Phineas is a hard-working husband and father who has a flare for creativity and innovation. Right now, though, he’s unemployed and just needs a job to feed his two daughters in 1800s America.
Desperate, he risks everything and borrows $10,000 to open a downtown museum of “oddities.” It’ll have everything not seen in other museums – even wax figures and the world’s tallest giraffe (stuffed, of course).
Sadly, though, no one comes. His young daughters think they know the problem.
“You have too many dead things in your museum,” one says. The museum, they tell him, needs “something sensational.”
So Phineas hangs posters up throughout the city searching for “Unique Persons and Curiosities.” He soon finds them: a bearded woman with an incredible singing voice, a man with hair all over his face, an obese person dubbed the “world’s heaviest man,” and a short man the size of a child. Soon, they’re part of a circus-like show that is drawing thousands of fans. Phineas, also known as P.T. Barnum, is now world famous.
It’s all part of The Greatest Showman (PG), a musical now in theaters that is loosely based on the life and career of Barnum.

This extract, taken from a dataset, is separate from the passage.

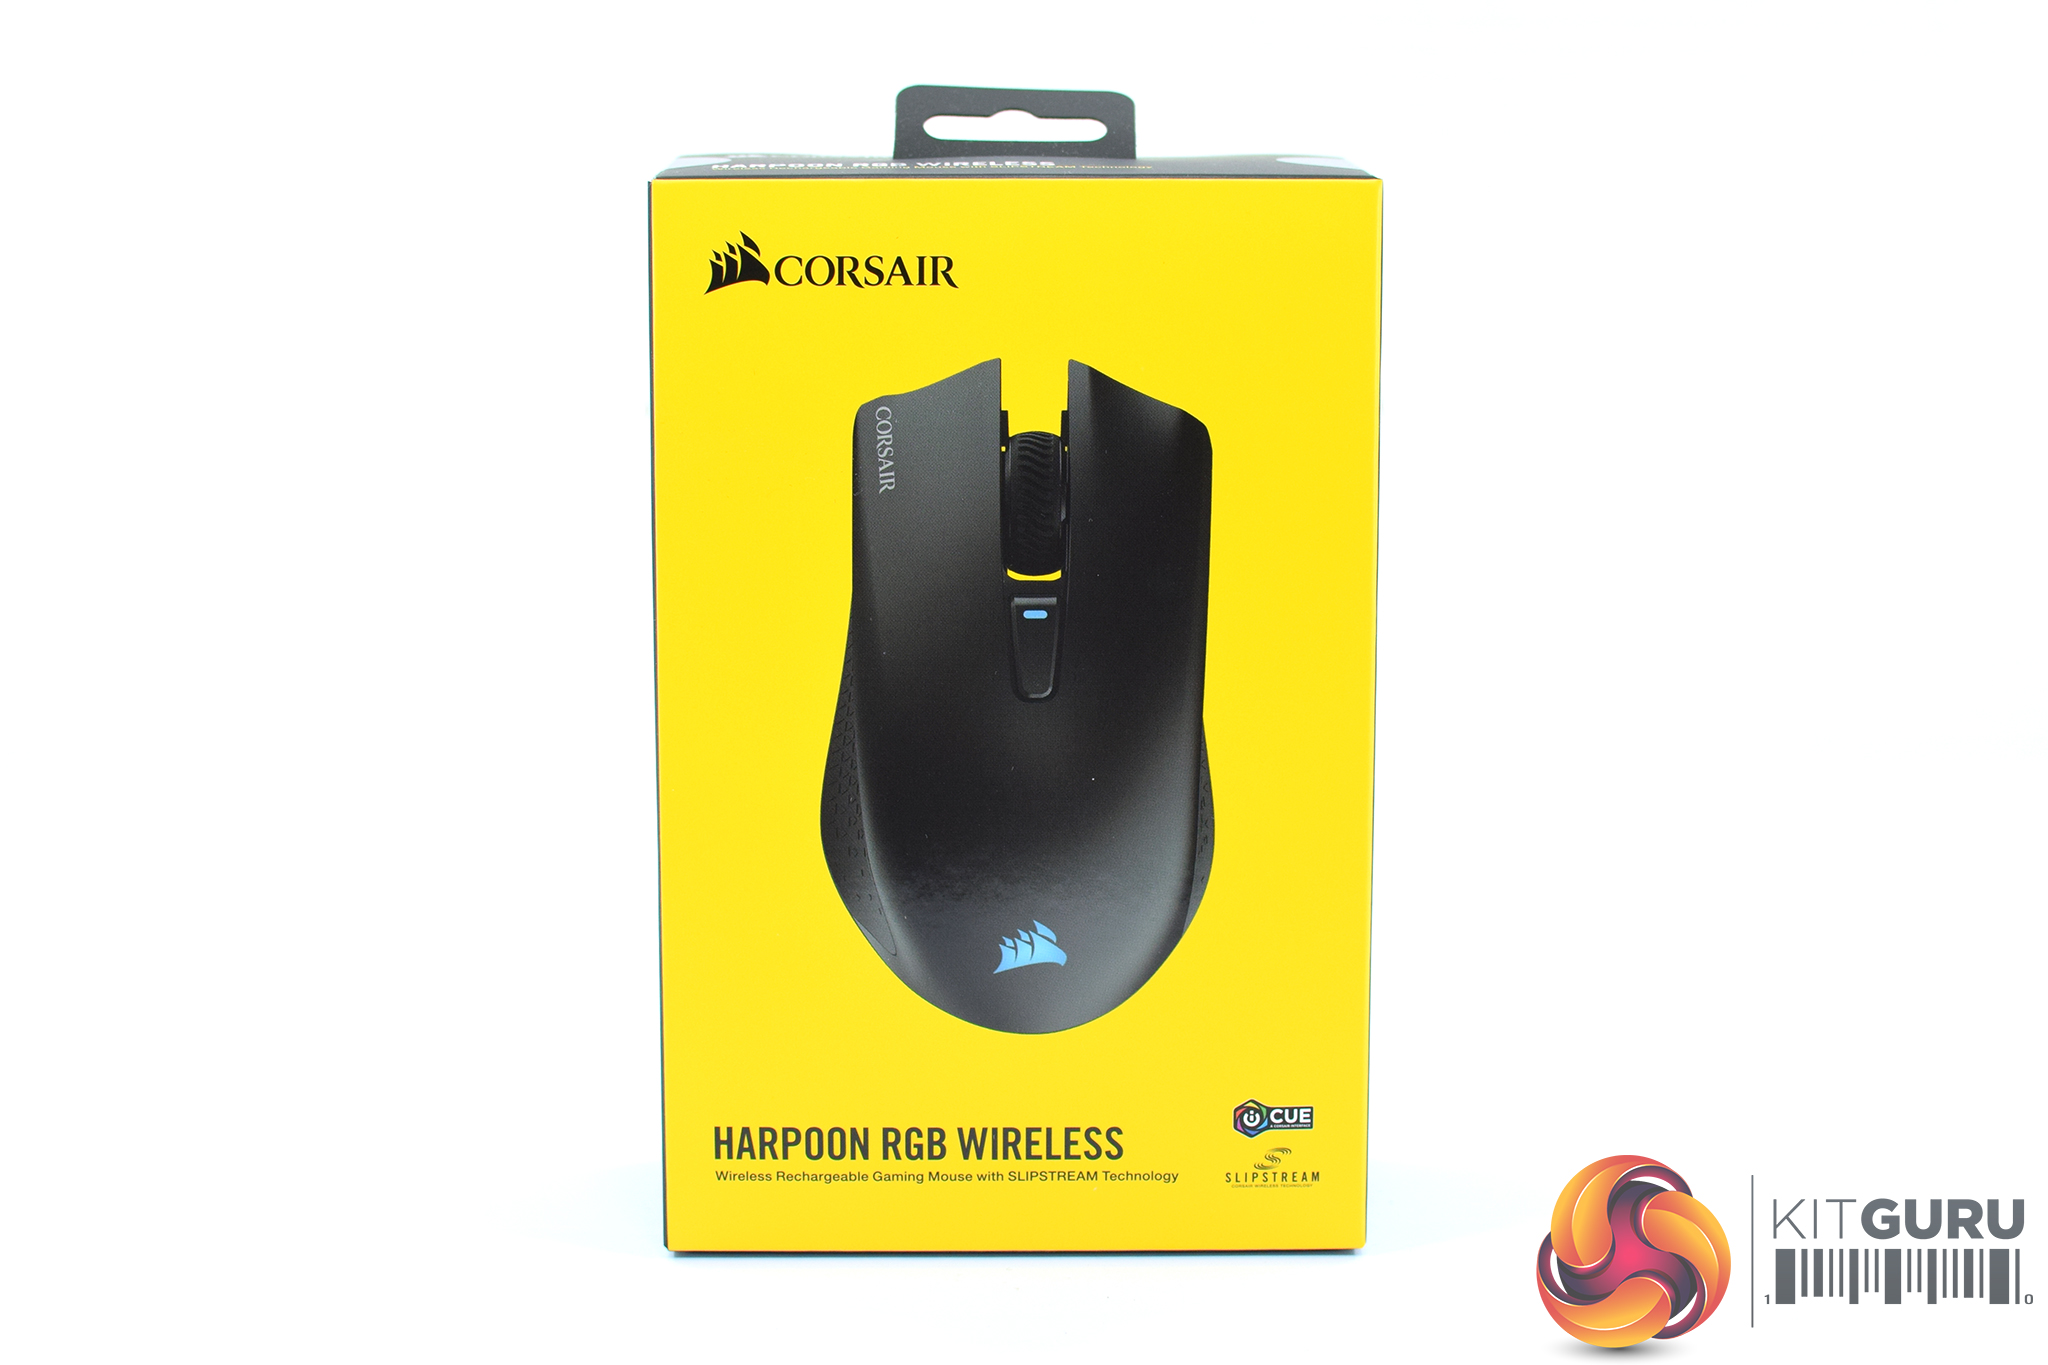 Corsair Harpoon RGB Wireless Mouse Review KitGuru-

It stars Hugh Jackman (Les Misérables, Logan) as Barnum; Michelle Williams (Manchester By The Sea) as his wife Charity; and Zac Efron (the High School Musical series) as his business partner Phillip Carlyle.

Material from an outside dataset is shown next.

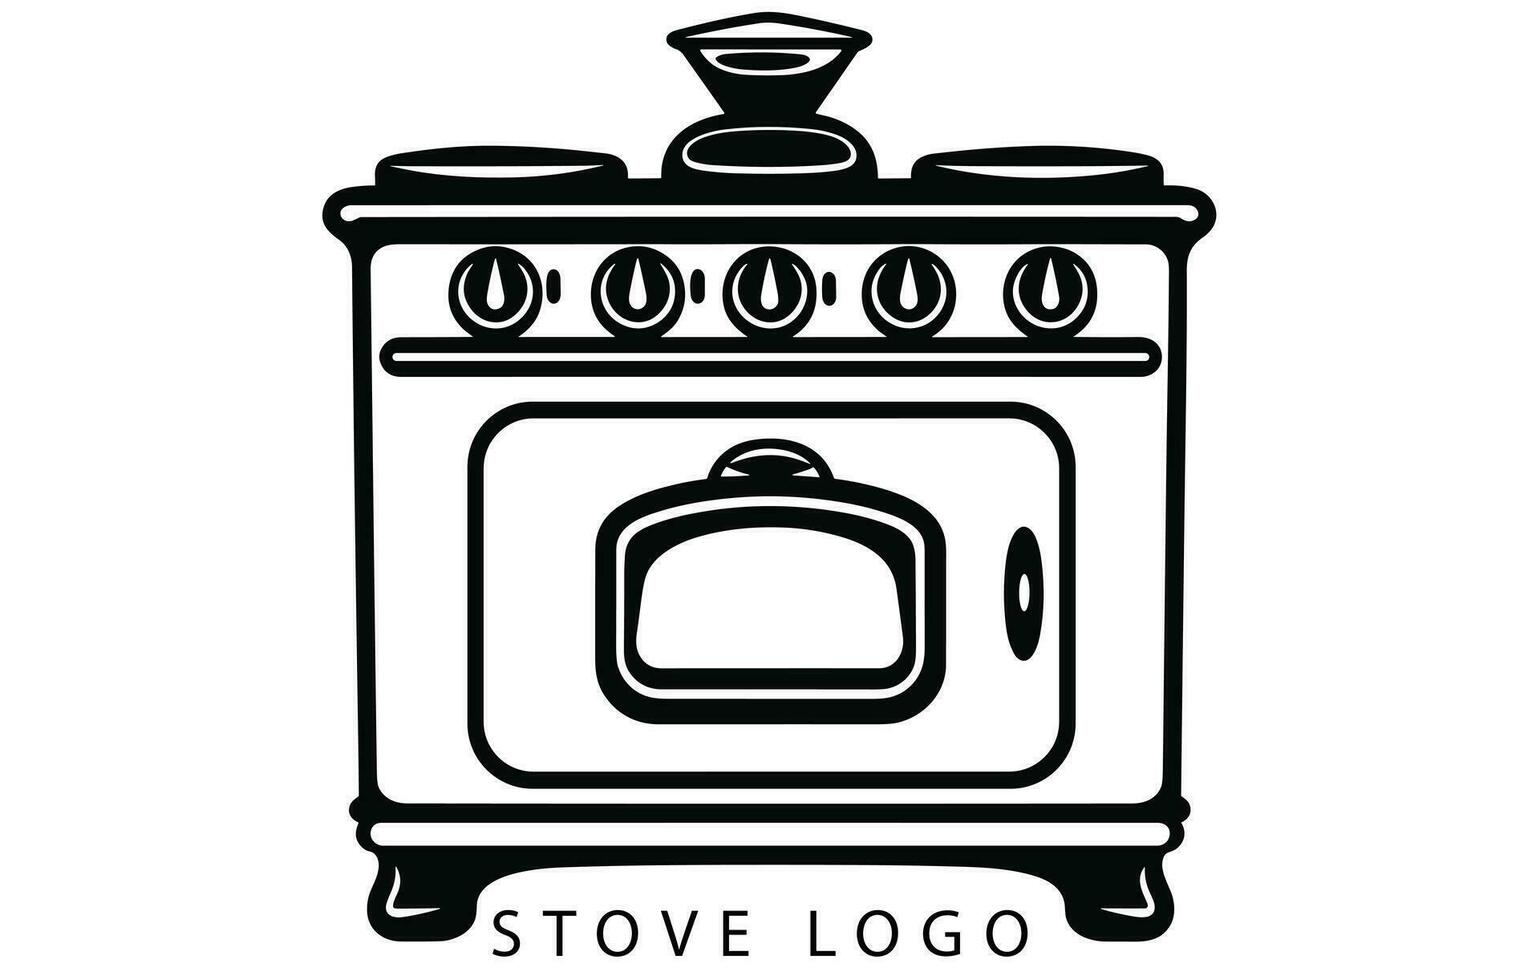 Stove icon logo vector design
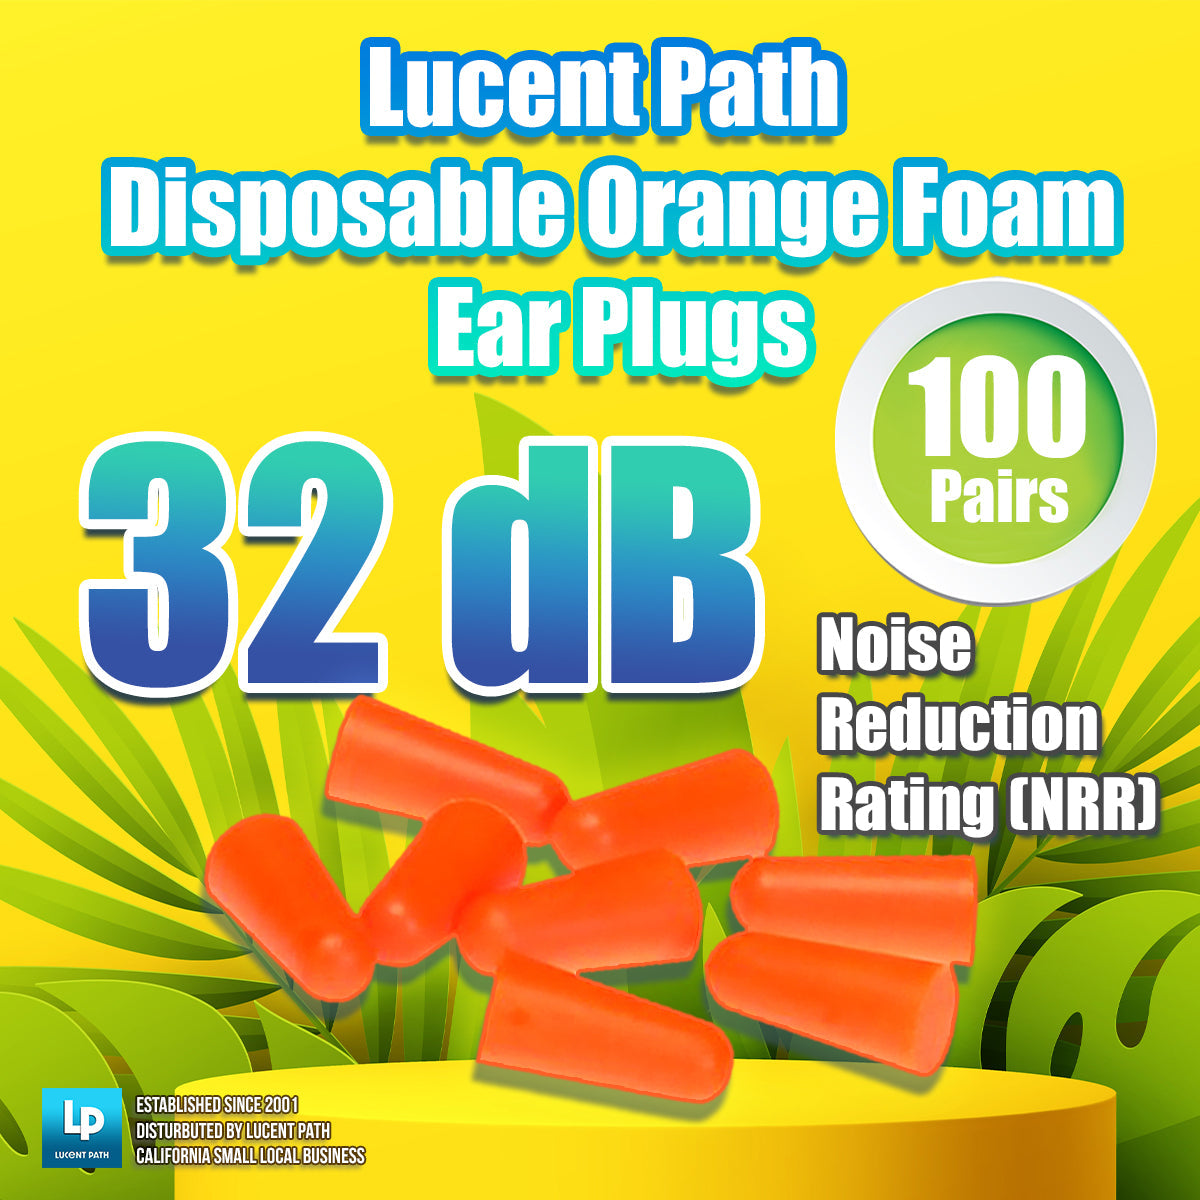  Lucent Path Disposable Orange Foam Ear Plugs - NRR 32dB

Here’s what parents should know:
1. It’s mostly clean. The violence, romance and coarse language are all minimal. We see a couple of fights, including a brawl between a drunk mob and the circus performers. We also see a man slap a teen boy. The movie has a couple of bar scenes. The bearded woman wears several low-cut dresses that exhibit cleavage. An opera singer named Jenny Lind puts her head on Barnum’s shoulder in a train scene and they seem destined for an adulterous affair, but he rebuffs her advances. Later, we see an unmarried couple kiss a couple of times. In the language realm, there are about three misuses of “God,” and a few examples of “d—n” in a song (although it’s easily missed).
2. It has a pro-family element. Barnum’s love for his wife and daughters is admirable. He takes his show on the road and misses several important family moments – such as his daughter’s ballet performances – but repents by the movie’s end. The family-like bond among the circus performers also is inspiring. A white man and black woman fall for one another, despite society’s negative reaction.

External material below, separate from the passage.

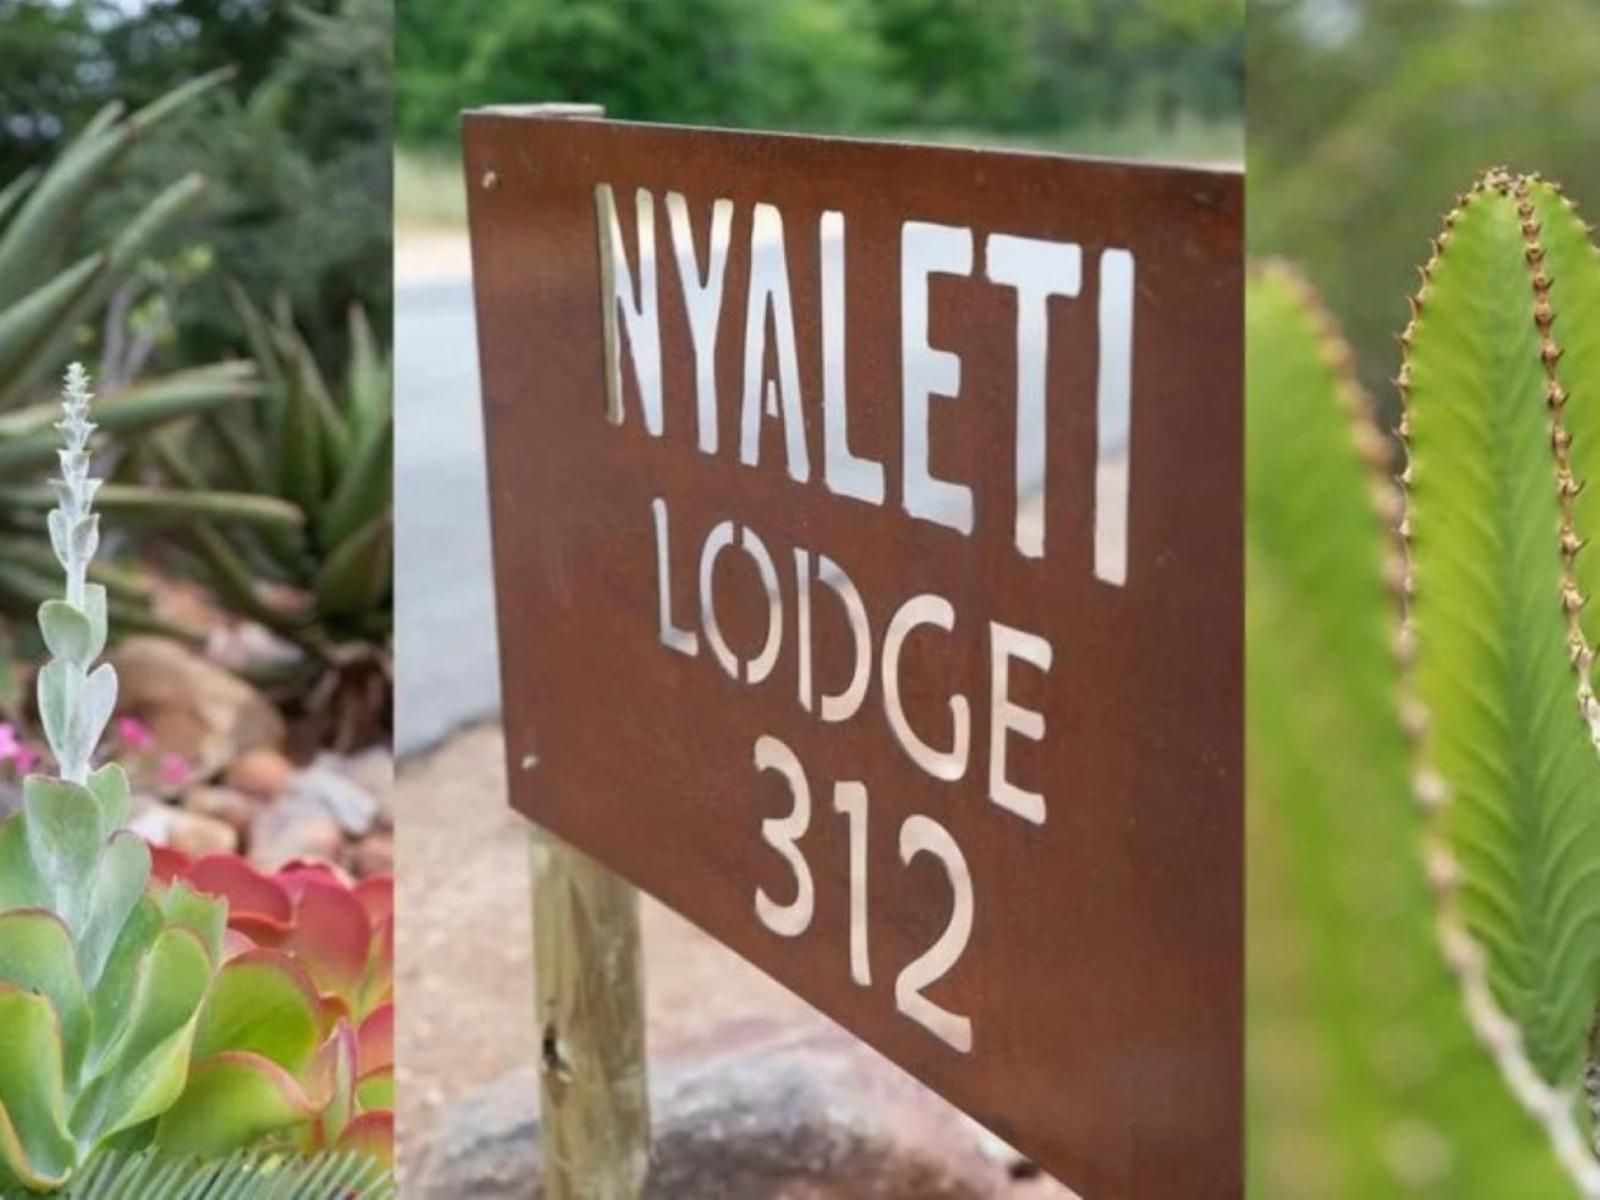 Nyaleti Lodge Hoedspruit Limpopo Province South Africa Sign

3. It’s wonderful. Especially for fans of musicals. I walked out of the theater wanting to watch it again. The music is a different genre than what was featured in the 2016 hit La La Land, although it and the choreography are just as catchy. Perhaps that’s not surprising, as two of the men who wrote the music for The Greatest Showman (Benj Pasek and Justin Paul) also worked on La La Land. As musicals go, it just might be better than La La Land.
4. It has several solid lessons. The Greatest Showman gives us lessons on overcoming bullying/stigmatizations (the circus performers), standing up for the downtrodden (as did Barnum, Carlyle), doing what is right – in love and business (Barnum, Carlyle), and prioritizing your family (Barnum).
5. It has a message for the church. Lettie Lutz, the bearded woman in the film, summarizes the movie’s theme when she tells Barnum: “Our own mothers were ashamed of us [and] hid us our entire lives. … You gave us a family.” The Lutz character is based on a real-life bearded woman, Annie Jones, who had a condition that caused her to be born with facial hair and then progress to a mustache and sideburns at age five. She soon had a beard.
It’s easy to feel sorry for many of the movie’s so-called “freaks” (as they’re labeled in the film). Due solely to genetics, many of them were born with something that would make them societal outcasts. Barnum – in his strange way – gave them companionship and hope.
God’s intent, though, isn’t to send society’s outcasts to a circus. His desire is to see them loved within the body of Christ, and within a church.
No doubt, The Greatest Showman’s theme will be interpreted differently by others. It’s not hard to imagine lyrics such as “I make no apologies … this is me” being borrowed by the LGBT movement.
Christian families, though, should know that the film contains no gay characters.
Entertainment rating: 4.5 out of 5 stars. Family-friendly rating: 4 out of 5 stars.
The Greatest Showman is rated PG for thematic elements, including a brawl.
Michael Foust is the father of four small children.